Why Cloudflare Is Doing This
Cloudflare recently added a feature that automatically creates a robots.txt file containing what it calls “content signals.” These signals indicate how site content can be used for search indexing, AI training, or AI model inputs, which is in addition to their “block AI bots” feature that is turned on by default–you can disable it.
The intention seems reasonable—Cloudflare wants to help site owners declare how their content can be used. But for most site owners, this default behavior doesn’t add much value. In fact, it primarily benefits Cloudflare by reducing bandwidth usage when AI crawlers are blocked.
Unless your site is actually seeing bandwidth issues or resource drain from bots, you probably want your content to be crawlable and indexable—by search engines and by legitimate AI crawlers alike.
The Problem: Cloudflare’s Auto-Generated Robots.txt File
If your site doesn’t already have a robots.txt file, Cloudflare will generate one automatically that looks something like this:
# As a condition of accessing this website, you agree to abide by the following
# content signals:
# (a) If a content-signal = yes, you may collect content for the corresponding
# use.
# (b) If a content-signal = no, you may not collect content for the
# corresponding use.
# (c) If the website operator does not include a content signal for a
# corresponding use, the website operator neither grants nor restricts
# permission via content signal with respect to the corresponding use.
# The content signals and their meanings are:
# search: building a search index and providing search results (e.g., returning
# hyperlinks and short excerpts from your website's contents).

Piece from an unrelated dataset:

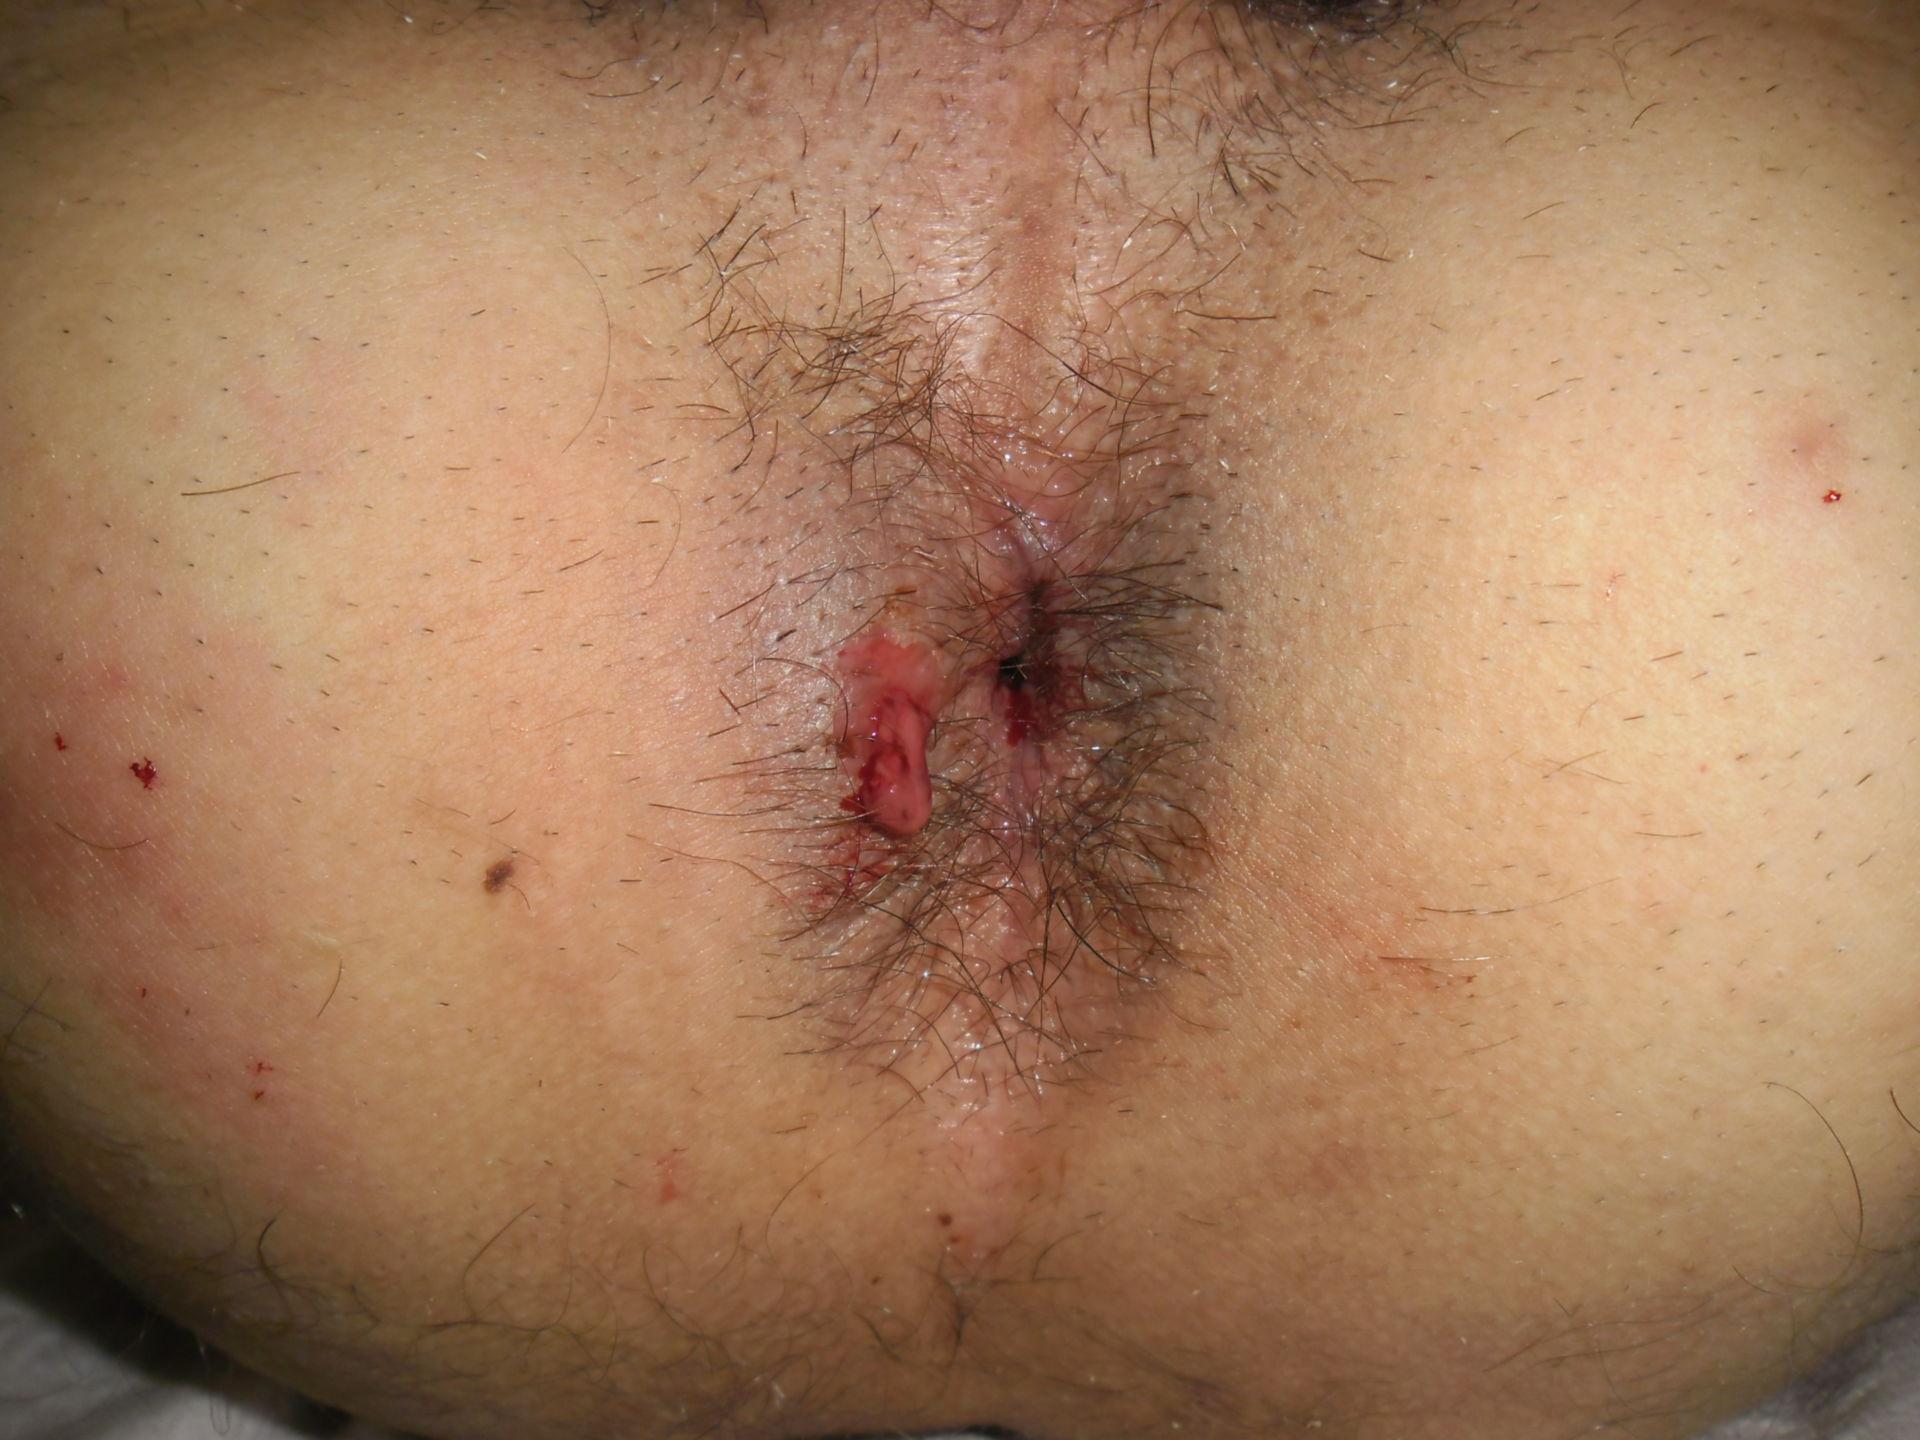 Morbus Crohn bedingter Analabszess

Search does not
# include providing AI-generated search summaries.
# ai-input: inputting content into one or more AI models (e.g., retrieval
# augmented generation, grounding, or other real-time taking of content for
# generative AI search answers).
# ai-train: training or fine-tuning AI models.
# ANY RESTRICTIONS EXPRESSED VIA CONTENT SIGNALS ARE EXPRESS RESERVATIONS OF
# RIGHTS UNDER ARTICLE 4 OF THE EUROPEAN UNION DIRECTIVE 2019/790 ON COPYRIGHT
# AND RELATED RIGHTS IN THE DIGITAL SINGLE MARKET.

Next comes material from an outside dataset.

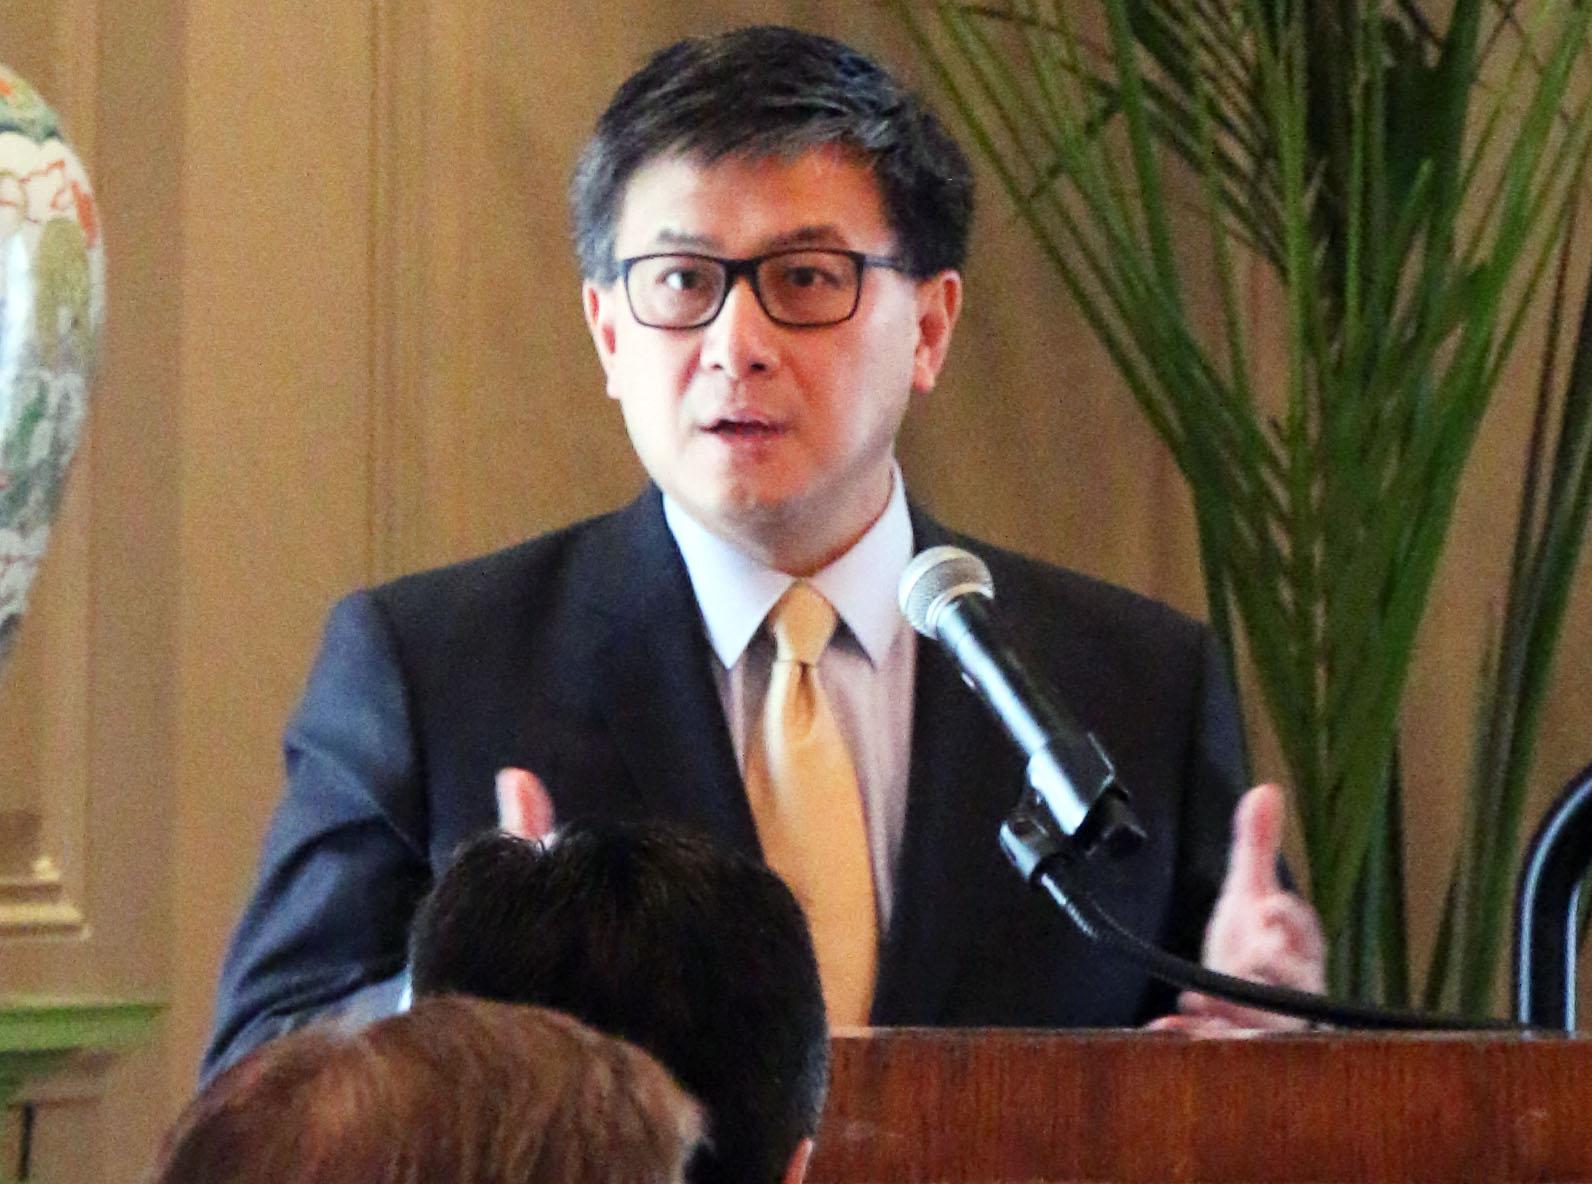 Treasurer Chiang Presents New CBIG Website at LAEDC Board Meeting

There’s nothing overtly blocking in that file—no “Disallow” directives—but after reviewing multiple cases, I’ve noticed that sites with this Cloudflare-generated file often fail to get indexed for weeks.
It’s possible that Google’s crawler treats the legal-style wording as a restrictive or unclear signal. While there’s no definitive proof yet, the correlation between this auto-generated file and indexing delays is strong enough to pay attention to.

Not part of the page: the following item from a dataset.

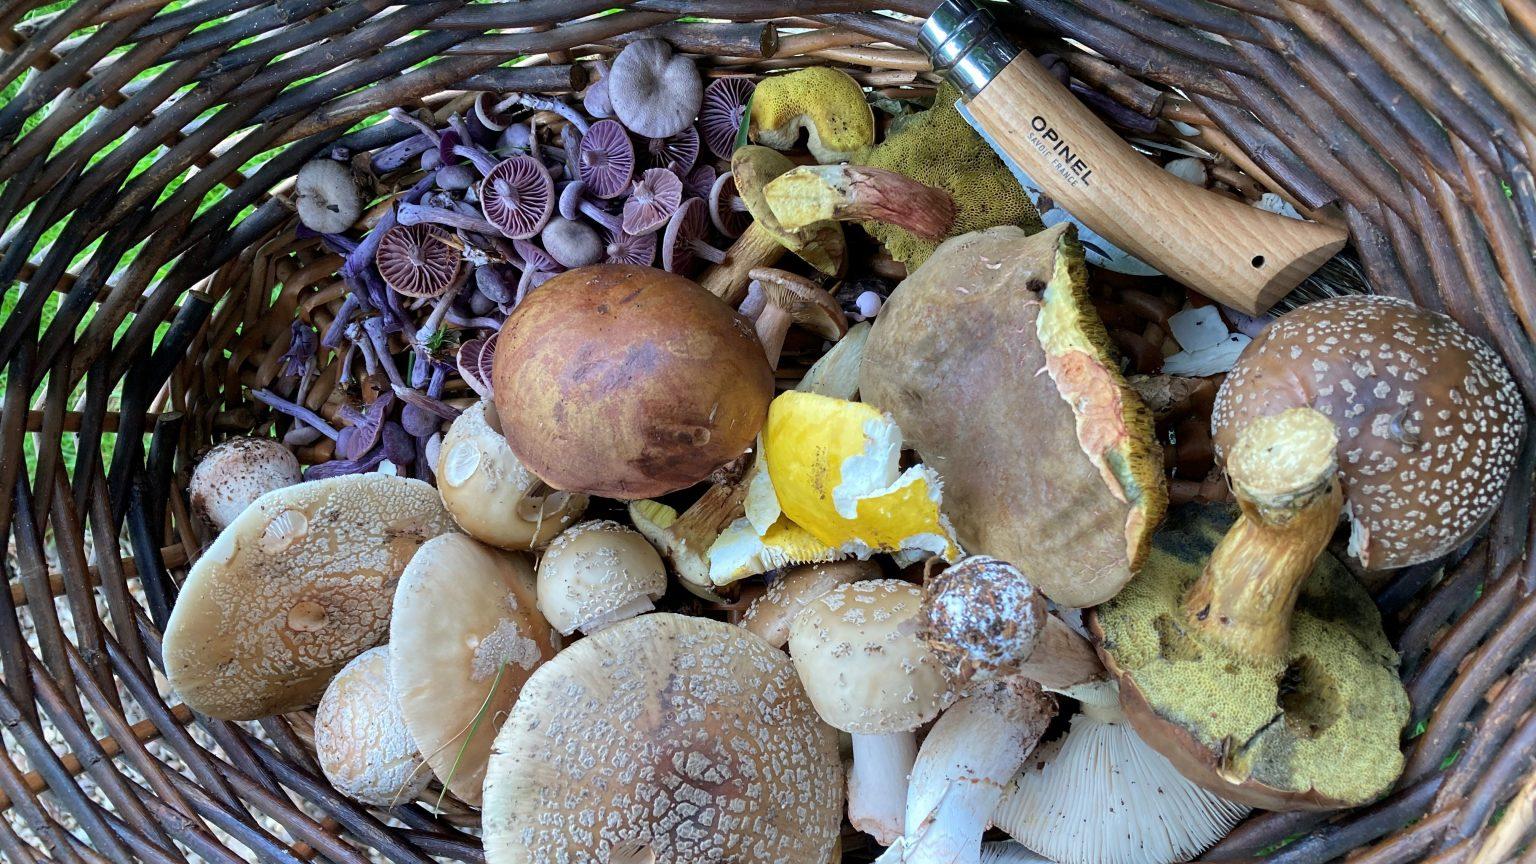 Mushrooms pic 2

The Setting You Need to Check
To see if this setting is affecting your site, log into your Cloudflare dashboard and navigate to:
Security ? Bots ? AI Scrapers and Crawlers.
Look for the option labeled “Disable robots.txt configuration.”
By default, it’s set to “Content signals policy.” That’s the one that causes Cloudflare to generate this robots.txt file automatically.
To stop Cloudflare from creating it, change the setting to “Disable robots.txt configuration.” Then manually upload your own simple robots.txt file like this:
User-agent: * Disallow:
This tells all crawlers that they’re allowed to access and index your site—nothing confusing, no legal jargon, no AI references.
Why It Matters
New sites are already at a disadvantage when it comes to being indexed quickly. Add in any ambiguity from your robots.txt file, and you may be slowing things down further.
Google tends to err on the side of caution with new domains. If there’s any uncertainty about what’s allowed, it may delay crawling entirely. After removing Cloudflare’s auto-generated file and uploading a clean one, I’ve seen some sites begin to appear in Google within days.
When to Consider Blocking AI Crawlers
There are valid reasons to restrict AI crawlers—if your content is private, proprietary, or resource-heavy to serve. But for most sites, blocking AI bots isn’t necessary.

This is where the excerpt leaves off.